Я пошел в город, просить капитана Воронова справиться в штабе, и в ожидании его прихода сидел у его жены в их маленькой комнате. Было несколько офицеров. Поручик Очеретный разливал чай. Вдруг отворилась дверь и вошел сам хозяин. Лицо его радостно улыбалось.
– Поздравляю, поручик, – сказал он, пожимая мне руку. – Дроздовцы правы. Двадцать шестого января Кутепов подписал приказ… Номер тридцать четвертый…
Какое это было странное чувство! Мне казалось, что я слишком солиден для того, чтобы непосредственно радоваться моему производству. И вот, оказалось, что я обрадовался. Обрадовался как молодой юнкер. Глупо обрадовался. Я чувствовал, что наивная улыбка не сходила с моего лица. Я подтрунивал над собой, шутил и думал этим подтруниванием и шутками привести себя в равновесие. Но я оставался по-прежнему наивным и глупым. И вдруг стало необходимым чем-то ознаменовать этот вечер.
– Миныч, пойдемте, купим водки, – сказал я Очеретному.
Капитан Воронов засмеялся.
– Смотрите-ка, как корнет разошелся, – сказал он. – Захотел водки…
– A что же, – сказал я. – Разве я не молодой подпоручик.
Я пошел с Очеретным в город. Было уже темно и почти все магазины были закрыты.
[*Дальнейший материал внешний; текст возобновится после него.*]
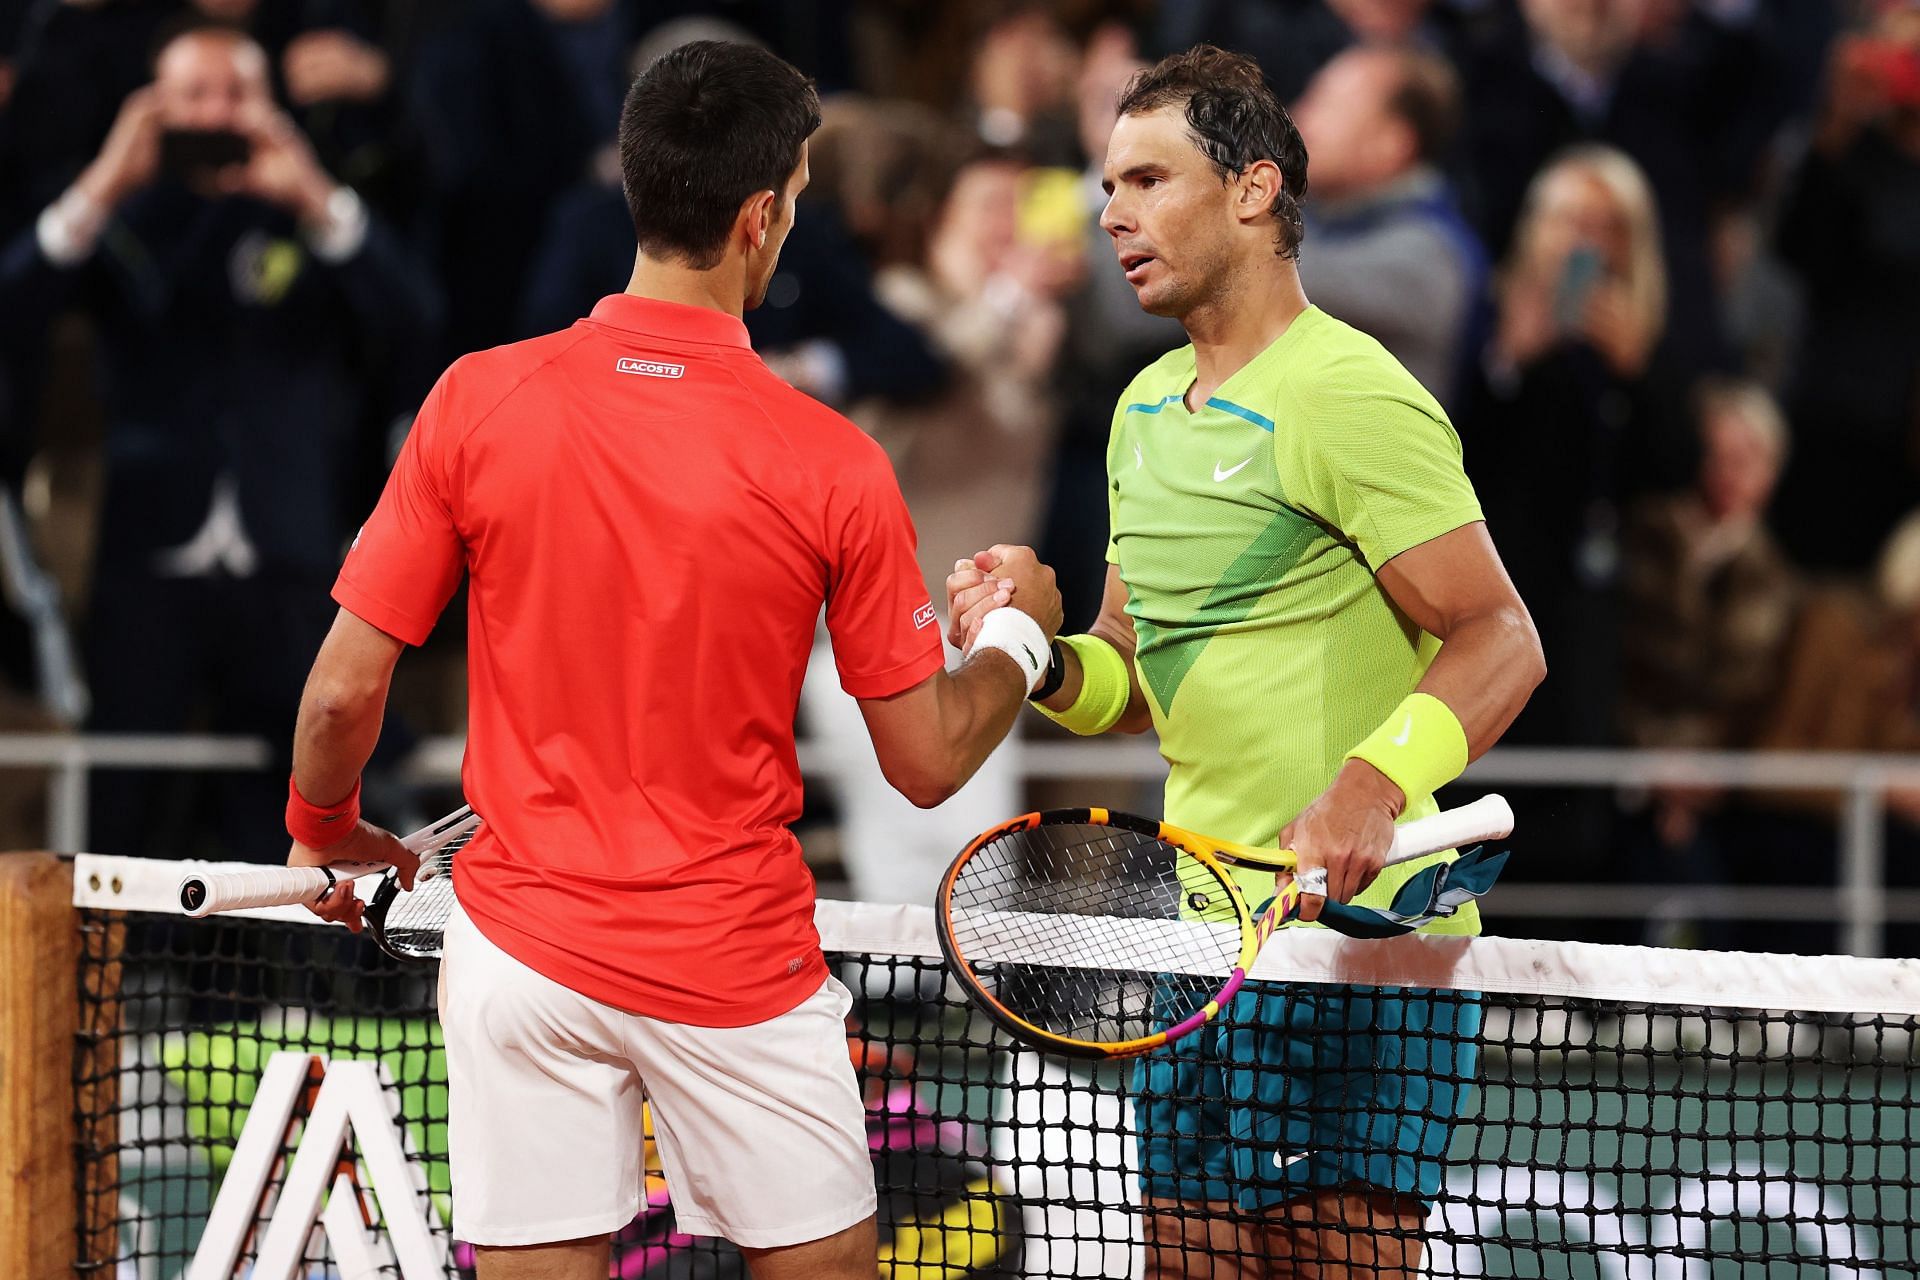 Nadal won against Djokovic at 2022 French Open

Но все же купили (слава Богу, только что получил деньги) бутылку спирта, сардин, селедку и связку инжира.
– Вот теперь будет лучше, – сказал я.
И мы стали ужинать.
* * *
Был уже десятый час вечера, когда мы вспомнили, что пора дать хозяевам покой. Я решил уже не идти в лагерь, но ночевать у Очеретного, который жил в том же доме, этажом ниже.
Комната у Очеретного была типичной турецкой комнатой, без мебели. Около окон было нечто вроде софы, на которой он приготовил постель. Я разделся и лег.
– Ну, выпьем еще, – сказал Очеретный.
– Хорошо. Только предложу самые дорогие тосты.
– A какие?
– Вот первый: за Врангеля!
Поручик Очеретный налил небольшую чашку.
– За Врангеля!
– A вот второй. Это моя мечта, которую я не оставляю. Мечта, которая жила в названии нашего бронепоезда: «На Москву».
– На Москву!
– A вот третий. Тот, который дает смысл всей нашей жизни. За Россию!
– За Россию!
Приятная теплота разливалась по телу. На дворе бушевал ветер и чувствовался мороз. A под пледом и шинелью было так тепло.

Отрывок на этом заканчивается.